L’affaire en était là quand le colonel de la garde royale nous invita à ses bals. Je n’aime guère ces freluquets de la nouvelle armée, qui portent des talons rouges au lieu de cicatrices, et des ordres étrangers au lieu de notre vieille croix ; mais, au bout du compte, le colonel est un aimable homme. Quelques-uns de ces messieurs sont d’anciens militaires que la nécessité d’avoir un état a forcés de retourner leur casaque ; on boit de bon vin à leurs soupers et on joue gros jeu. Tu sais que je ne suis pas un saint ; ma femme aime la danse comme une vraie folle ; après avoir un peu grogné, je consentis à la mettre dans sa calèche, à prendre les rênes et à la conduire à Tours avec madame Fernande, qui s’avouait beaucoup mieux portante, et madame Clémence, cette bégueule que je n’aime guère, et qui, grâce à Dieu, prit congé de nous en arrivant à la ville.
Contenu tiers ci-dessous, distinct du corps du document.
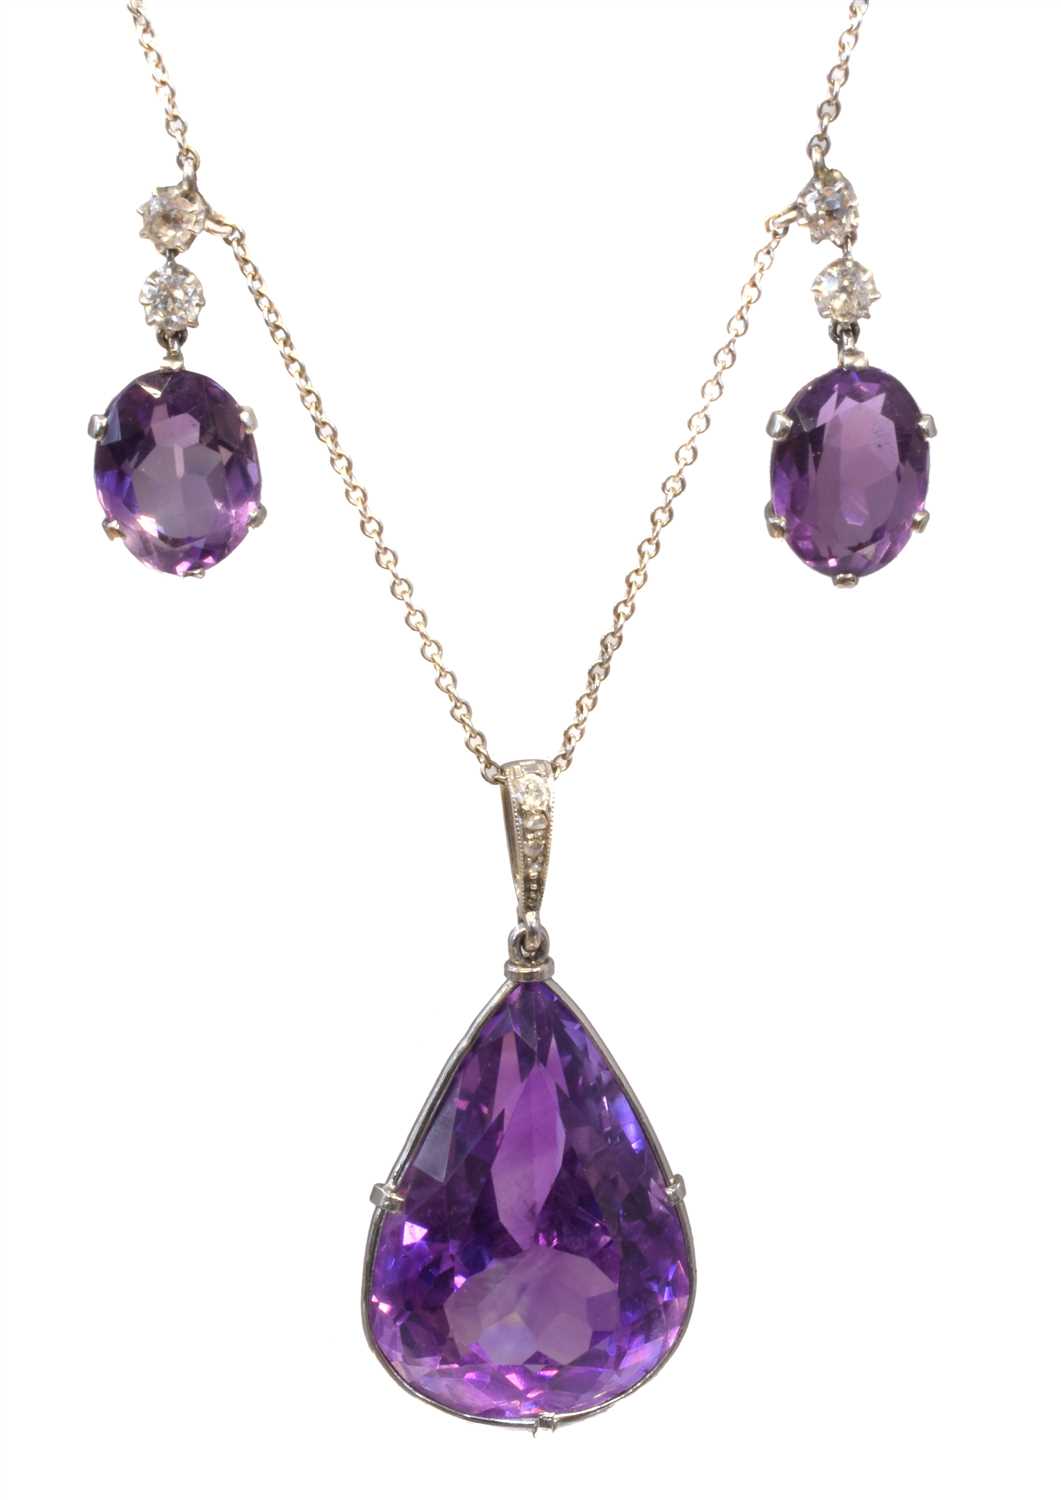 Lot 142 - An amethyst and diamond pendant necklace retailed by Wartski

Ta femme se fit belle comme un ange pour aller au bal ; et vraiment on n’eût pas dit, en la voyant, qu’elle fût si malade qu’elle prétend l’être. Je m’en allai avec ceux qui ne dansent pas, et je laissai ces dames avec ceux qui n’ont pas eu les pieds gelés en Russie ; je recommandai seulement à Eugénie de surveiller de près sa compagne, et de m’avertir sur-le-champ si elle dansait plusieurs fois ou si elle causait trop souvent avec quelqu’un. Je revins moi-même trois ou quatre fois donner un coup d’œil à leur manière d’être. Tout se passa fort bien en apparence, et à moins que ma femme ne soit d’accord avec la tienne, ce dont je la crois incapable, il faut que le cavalier soit très-adroit et moins insensé que Fernande ne l’avait dépeint. Il faut aussi qu’elle ait été de très-bon accord avec lui pour ne pas me le faire connaître ; car il m’est impossible d’imaginer lequel, de ceux qui l’ont fait danser durant deux bals, a pris avec elle les mesures qu’elle a su si bien exécuter. Je poursuis mon récit.



J’ai déjà gagné le jardinier… (Page 70.)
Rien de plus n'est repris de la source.